Para entender os riscos de forma prática, podemos analisar exemplos reais de problemas que surgiram com novos produtos de IA e refletir criticamente sobre eles, considerando questões que poderiam ter sido evitadas se tivéssemos feito as perguntas certas sobre seus designs durante o processo de desenvolvimento.

Perguntas como: por que estamos apressando a construção de bots de IA generativa que reforçam distúrbios alimentares e substituem profissionais treinados? Será que valorizamos tão

Crédito: Freepik

pouco a arte (e os artistas) a ponto de acreditar que a “engenharia de prompts” pode evocar os mesmos sentimentos? Como nossos filhos desenvolverão aprendizado criativo e socioemocional quando a inteligência artificial substitui a conexão humana?

Em casos em que empresas criam intencionalmente produtos abusivos, esses problemas são uma “característica e não um bug” e devem ser abordados por novas leis de proteção ao consumidor.

No entanto, acredito que muitos realmente desejam construir ótimos produtos que não prejudiquem as pessoas, mas talvez não tenham o conhecimento e as ferramentas necessárias. Isso é um problema cultural que pode ser solucionado.

Precisamos nos perguntar qual é o papel de um designer em um cenário em que a inteligência artificial evolui tão rapidamente. Como podemos aproveitar essa oportunidade para criar um mundo mais justo?

A seguir, apresento algumas perspectivas que devemos considerar.

Qualquer pessoa que tem o poder de construir uma IA (em qualquer nível) é um designer e é responsável.

Quando surgem problemas em novas tecnologias, geralmente são resultado de decisões técnicas e estratégicas tomadas ao longo do processo de desenvolvimento. Seja projetando a interface do usuário, criando o modelo, desenvolvendo o back-end ou estabelecendo políticas, qualquer pessoa com poder dentro desse ecossistema é um designer e um tomador de decisões.

É fundamental que as empresas contratem designers com uma mentalidade de crescimento, que possam assumir responsabilidade, reconhecer os preconceitos que influenciam seu trabalho e antecipar as implicações e consequências de suas escolhas de design.

Precisamos adotar um conjunto de valores que nos ajude a construir com IA de forma benéfica para todos.

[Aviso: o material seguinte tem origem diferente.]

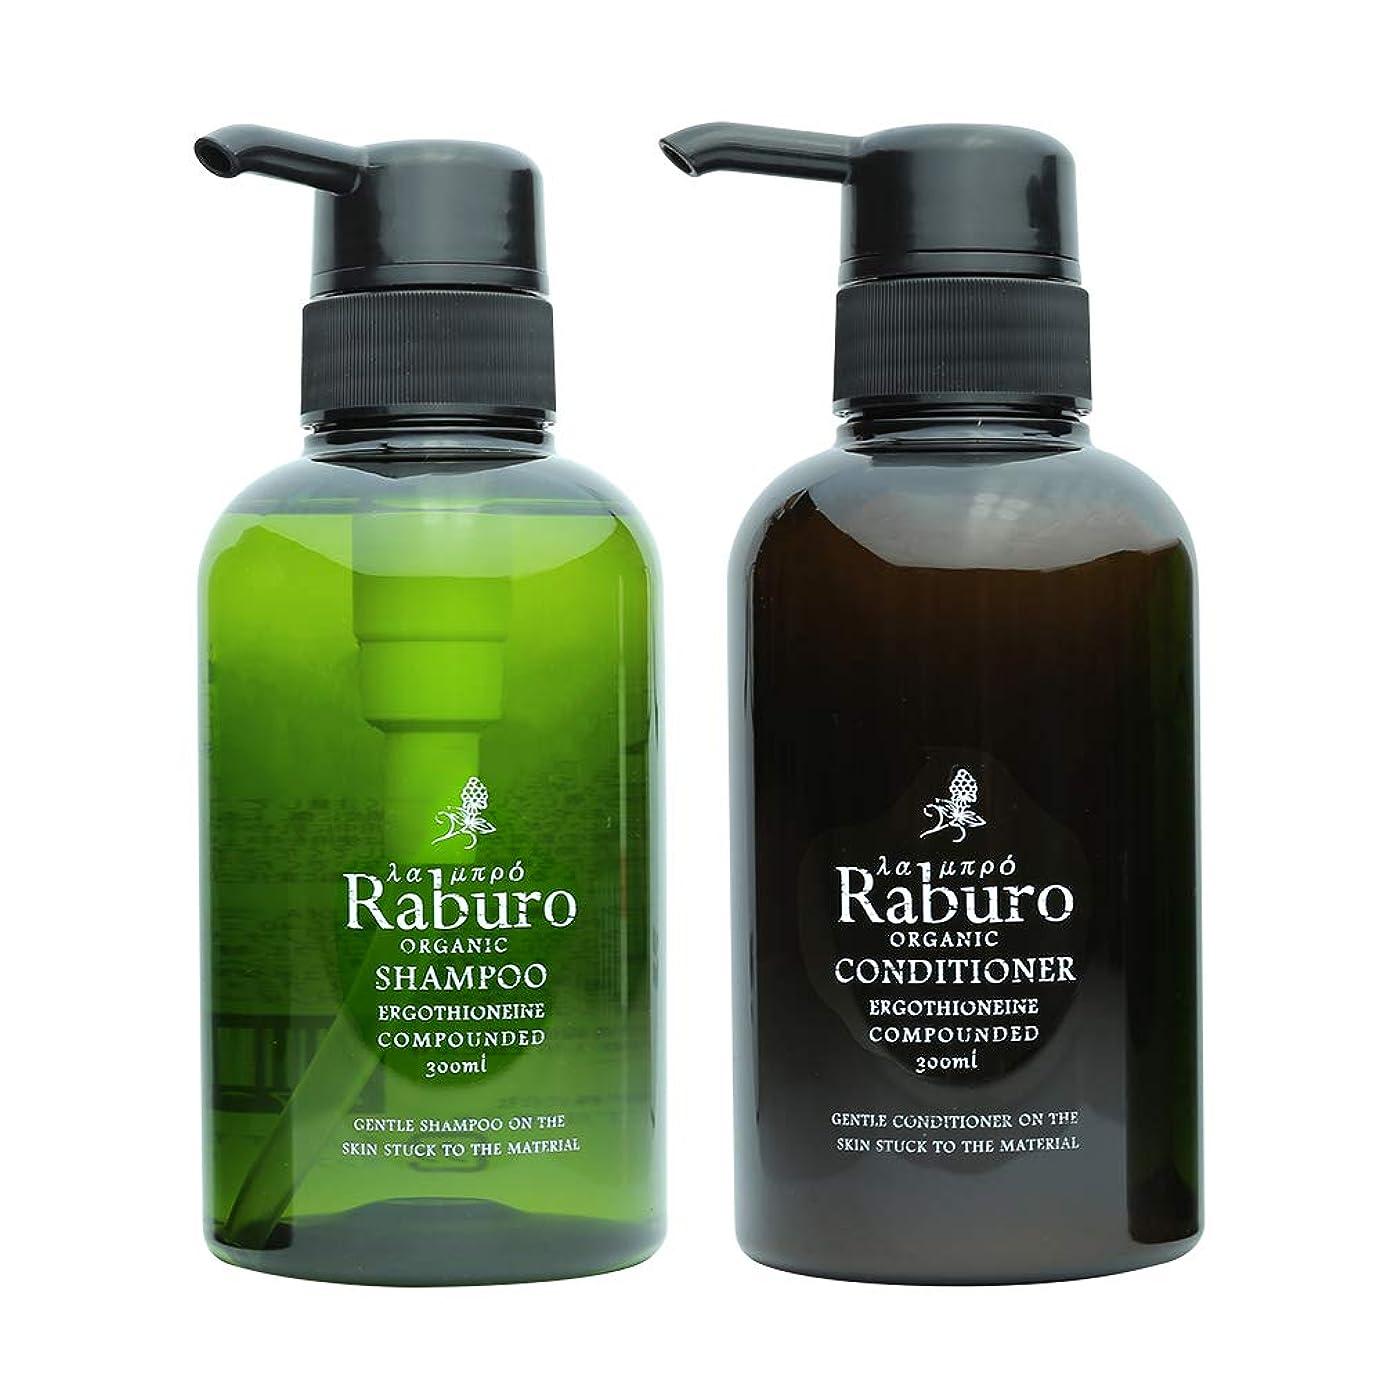 狂った性能絶対のラブロ(Raburo)オーガニックシャンプー&コンディショナー 300mlセット【男性/女性/子供兼用】髪と頭皮にやさしい15の無添加 低刺激 弱酸性 アミノ酸 ノンシリコン 天然由来成分

Valores são fundamentais para orientar nosso comportamento e tomada de decisões. Acreditamos que a privacidade é um direito de todos e, portanto, não exploramos os dados do usuário? Entendemos a web como um serviço público e optamos por construí-la de forma aberta, em vez de segmentada? Sem um sistema de valores, os designers ficam perdidos e inevitavelmente fazem escolhas que prejudicam as pessoas.

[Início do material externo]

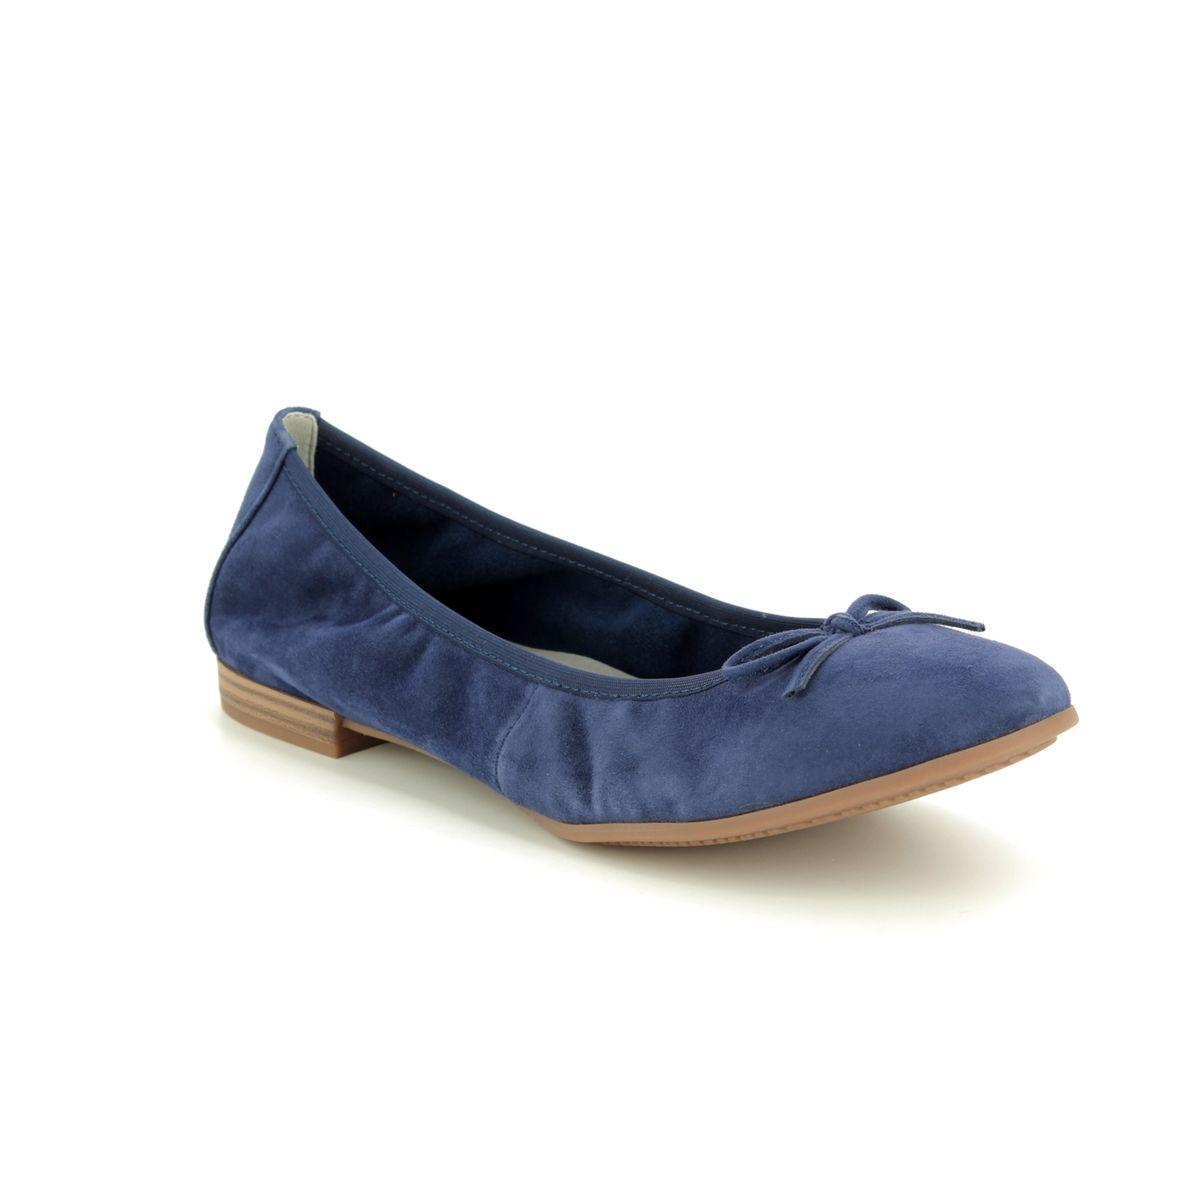 48a51aa8efd 22166/32/810 Alena 92 at Begg Shoes & Bags

Os designers precisam entender o comportamento humano e como as sociedades são estruturadas antes de começarem a construir qualquer coisa.

É fundamental que as empresas comuniquem seus valores aos candidatos em potencial durante o processo de contratação. Estudantes e profissionais também precisam ter seu próprio conjunto de valores, e isso deve ser um exercício essencial para sua formação.

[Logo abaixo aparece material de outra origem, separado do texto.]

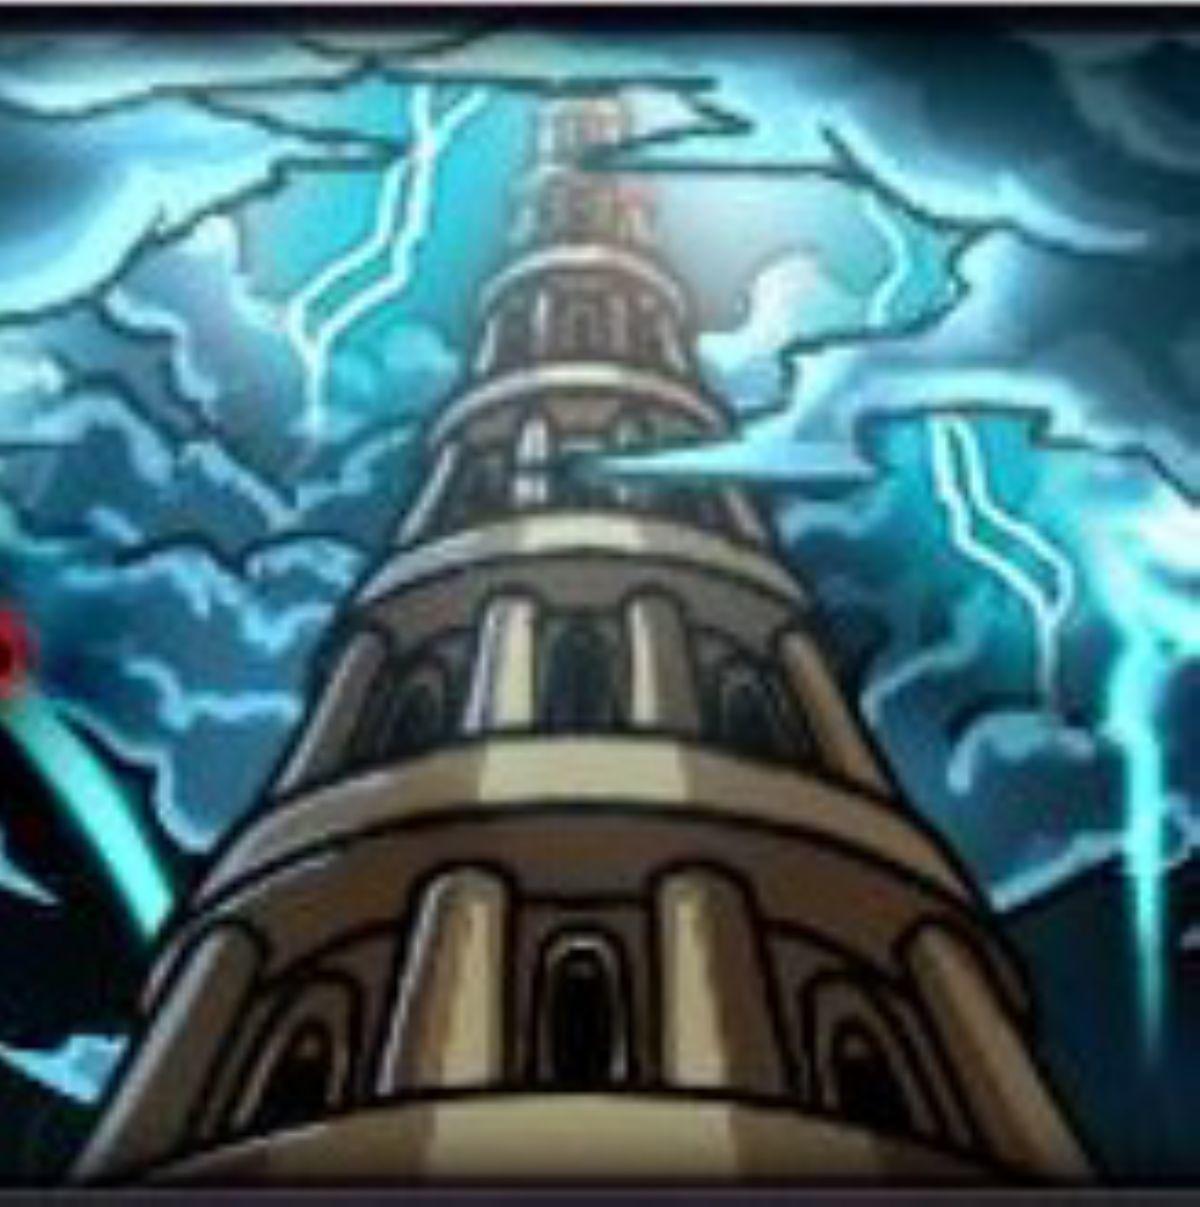 覇者の塔手伝います 1階から40階までを手伝います。

Muitos designers acreditam que apenas criam e executam códigos de acordo com o que lhes é pedido, mas, na realidade, estão construindo um mundo impulsionado pela IA.

Designers podem ser cientistas sociais, não apenas visionários da tecnologia.

A falta de conexão entre o desenvolvimento da inteligência artificial e o mundo real tem levado à disseminação de desinformação, vieses raciais e de gênero e uma crise de saúde mental entre jovens. Apesar de tudo isso, a computação (e a IA) é ensinada como uma disciplina altamente técnica, separada das ciências humanas e sociais.

Precisamos nos perguntar qual é o papel de um designer em um cenário em que a IA evolui tão rapidamente.

Os designers precisam entender o comportamento humano, como as sociedades são estruturadas e como os sistemas de opressão funcionam antes de começarem a construir qualquer coisa.

Por replicar sistemas do mundo real (e poder se tornar a base deles), a formação em IA e computação precisa estar enraizada na sociologia, linguística, ciência política e estudos de gênero.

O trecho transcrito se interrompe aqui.